Let’s take the AoA notation. The activity starts at node number \(i\) and ends at node number \(j\). The whole project begins and ends in one node. Let’s look at the figure below. Starting and ending moments differs because activities may occur in parallel and serially within one project. Besides, activities will vary in duration.

Starting and ending moments
Starting and ending moments

\(t_{i}^{0}\) - the earliest possible occurrence of the event \(i\);

\(t_{i}^{1}\) - the latest possible occurrence of the event \(i\);

\(t_{j}^{0}\) - the earliest possible occurrence of the event \(j\);

\(t_{j}^{1}\) - the latest possible occurrence of the event \(j\).

The moment of completing the entire project is called the directive term. CPM analysis can be divided into the following stages:

  1. Setting the earliest times for tasks.
  2. Setting the latest times for tasks.
  3. Determining slacks for activities.
  4. Preparation of the project schedule.
  5. Determining the critical path of the project.

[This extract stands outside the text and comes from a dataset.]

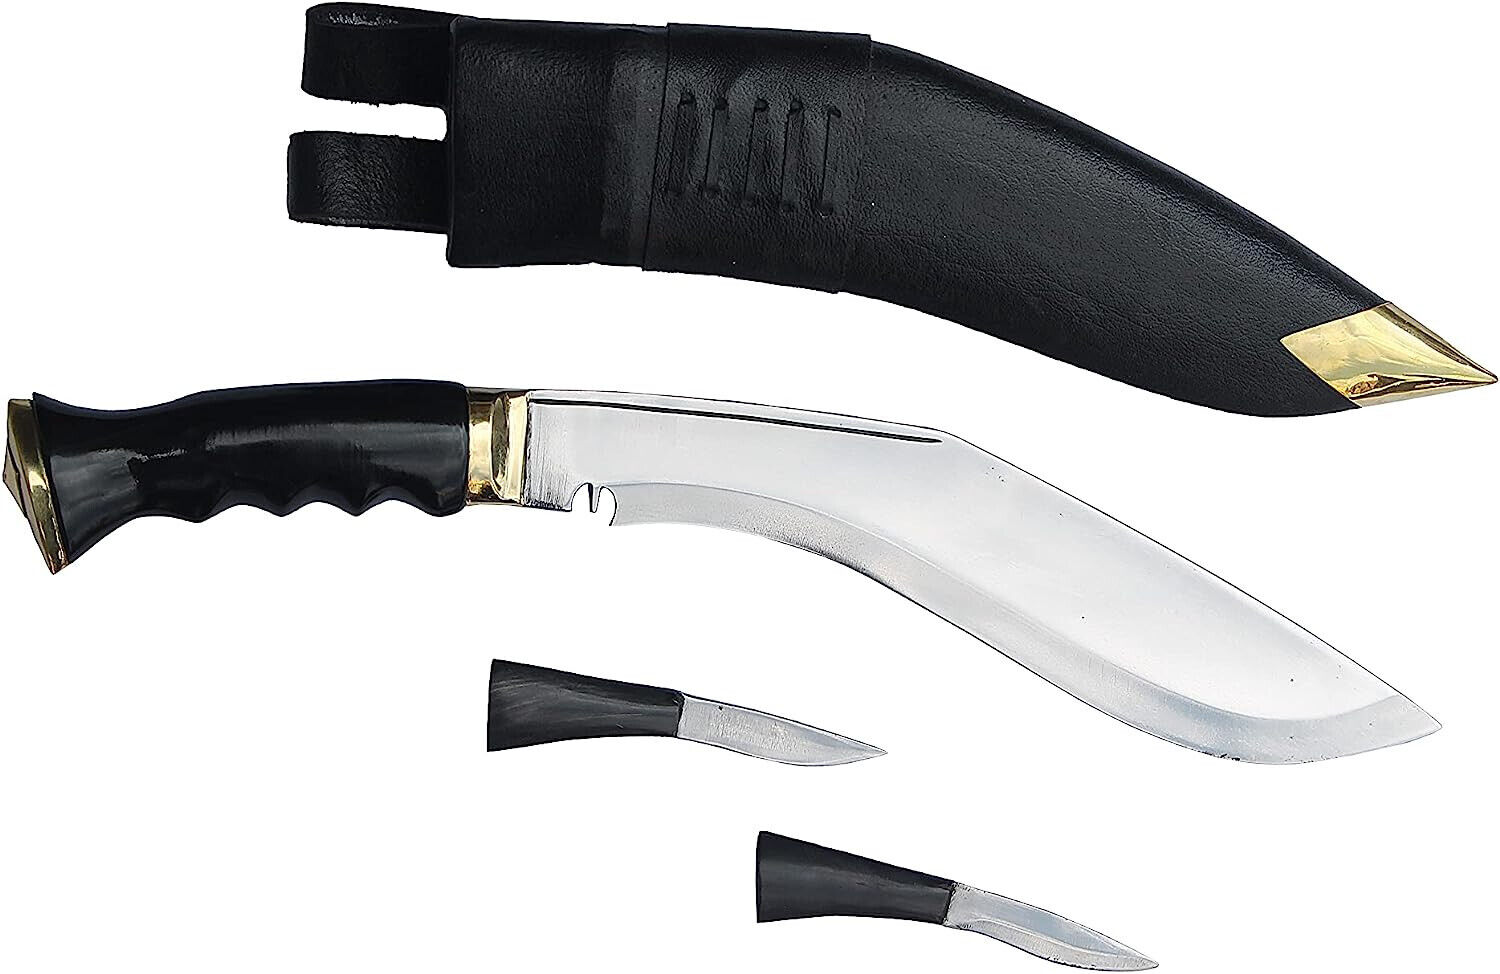 HANDMADE KUKRI KNIFE -10.5 INCH CARBON STEEL BLADE and 5 INCH HORN HANDLE

Additionally, we can make a Gantt chart and ASAP (As Soon As Possible) and ALAP (As Late As Possible) charts.

The preparation of a project schedule consists in determining all possible starting and completion times for the activities. In addition, we calculate a total float time (total slack) for each activity. During this time, the activity can be delayed without delaying the completion of the entire project.

Let’s denote:

\(ES_{ij}=t_{i}^{0}\) - the earliest possible start time of activity \((i,j)\);

\(LF_{ij}=t_{i}^{1}\) - the latest possible end time of activity \((i,j)\);

\(LS_{ij}=LF_{ij}-t_{ij}\) - the latest possible start time of activity \((i,j)\);

\(EF_{ij}=ES_{ij}+t_{ij}\) - the earliest possible end time of activity \((i,j)\);

\(TF_{ij}=LF_{ij}-ES_{ij}-t_{ij}\) - total float for activity \((i,j)\). A reserve of time that can be used to perform a given activity without affecting the completion time of the project.

\(FF_{ij}=t_{j}^{0}-t_{i}^{0}-t_{ij}\) - free float for activity \((i,j)\). Maximum amount of time by which an activity can be delayed without delaying the earliest possible start time of any following activity.

\(CF_{ij}=t_{j}^{1}-t_{i}^{1}-t_{ij}\) - conditional float for activity \((i,j)\). Maximum amount of time by which an activity can be delayed without delaying without affecting time slacks of activities preceding the activity (lying on the same path).

We assume that the directive deadline (DD) equals to the earliest time of the final event \(\left(DD=t_{n}^{0}\right)\) so the slacks for critical activities equal to zero. Extension of the duration of any critical activity by \(\tau\) time units will postpone the completion time of the entire project by \(\tau\) units.

If we assume that \(DD>t_{n}^{0}\) then extension of the duration of any critical activity by \(\tau\) time units will postpone the completion time of the entire project by \(\tau-\left(DD-t_{n}^{0}\right)\) units for \(\tau>\left(DD-t_{n}^{0}\right)\). Smaller delays do not affect the duration of the entire project.

The PERT method

The abbreviation PERT stands for Program Evaluation and Review Technique. This method is based on the following assumptions:

Experts estimate the durations of individual activities. As a result, we get:

The classical PERT time analysis begins with the introductory phase, which involves estimating the expected value of duration and duration variance for each activity.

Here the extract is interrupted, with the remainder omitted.